Some have noticed that Jedi masters tend to hide away in desolate planets waiting to die while the folk on the dark side build stuff and try to bring order to the universe? Sure, the Jedi wear white but what good is being good if it makes you irrelevant?

Alternatively, the Light and Dark sides of the Force can be Yin and Yang, the passion and intellect, the female and male or whatever. It’s an Eastern philosophy that pits co-equals in an eternal struggle for balance.

This is obviously a lousy way to develop stories, so the writers fall back on the deep currents of the Hero’s Journey. New Hope is the textbook example, complete with mentor that dies at the act two climax, forcing the protagonist must rise alone to victory (Kenobi/Luke, Solo/Rey).

But as many know, Star Wars is also based on Samurai films, most notably The Hidden Fortress, where the poor farmers caught in the civil war become today’s droids.

What we’re seeing in SW:FA are writers struggling with the dual mythology and trying to expand. He went deeper into Japanese lore to the idea that a samurai (AKA Jedi)’s soul resides in his sword. This idea was never really present until SW:FA.

swfa-lukeRey picking up Luke’s sword gives her visions. These visions never happened for Luke. Otherwise, that often mocked scene of Obi-Wan handing it over and saying “Your father wanted you to have this when you were old enough” would have gone far differently.

However, had the writers done more digging he might have come out with another alternative. You see, Campbell’s mythology is old world. Samurai mythology with its worship of hereditary nobility is old world.

Thanks to the advent of the United States, and our belief that a hero can rise from anywhere, we live in a new dispensation. Luke Skywalker does not have to be the lost prince of the galaxy. In our time, most wayward nobles are either selfish villains or frail inbreds.

Miyamoto Musashi rose to become the greatest samurai of all time (technically, a ronin), and also broke from the old rule. He came from nowhere, built his reputation in war, served no one, fought with a fury that scared everyone around him, and was ultimately locked in an attic by a priest who refused to let him out until he had read the scriptures. (I won’t give away what happens after that)

They should have built Rey or Finn off of Musashi. Perhaps they still can, or at least use elements of it to reform Kylo.
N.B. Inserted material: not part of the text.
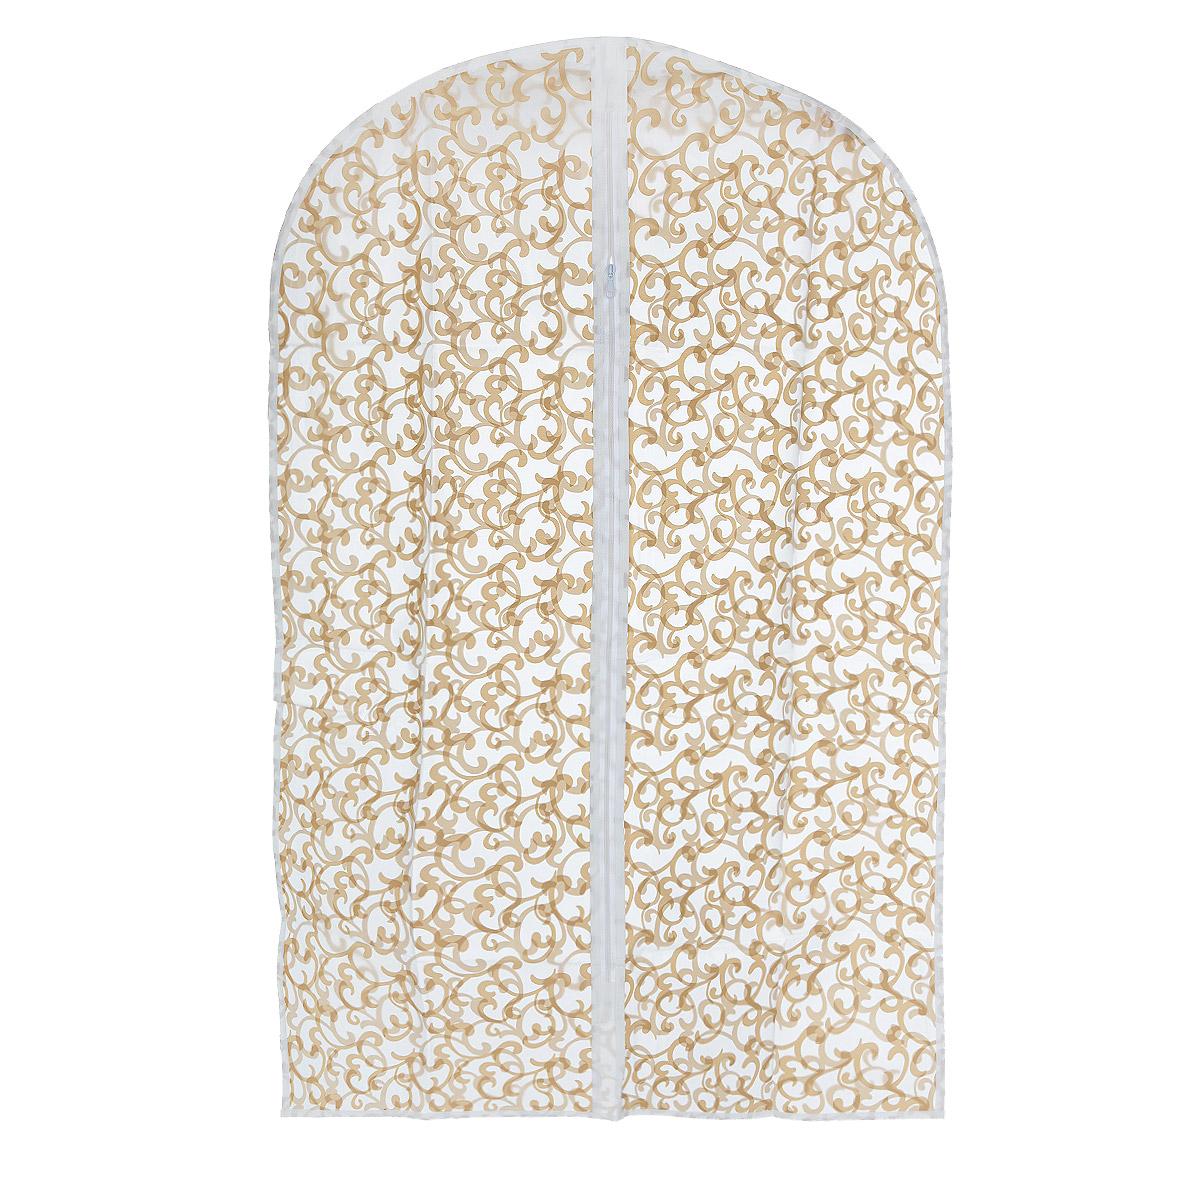 Чехол для одежды Eva Узоры, прозрачный, бежевый, 60 х 92 смЕ-16201 узорыЧехол для одежды Eva Узоры выполнен из материала PEVA. Чехол обеспечивает вашей одежде надежную защиту от влажности, повреждений и грязи при транспортировке, от запыления при хранении. Изделие обладает водоотталкивающими свойствами, а также позволяет воздуху свободно поступать внутрь вещей, обеспечивая их кондиционирование. Закрывается на молнию. Можно стирать при температуре до 40°C.

But if the writers go back and regurgitate the whole inherent nobility of Rey as Luke’s daughter or a yin/yangy reincarnation of Vader, we will be bored and frustrated by the sequels. Please, if you’re listening, don’t.

I tell my screenwriting students to steal from but not follow the Hero’s Journey because it causes more problems than it fixes for most new writers. Obviously, these pros failed to break free of it as well. I hope the sequels are worth such a long prologue.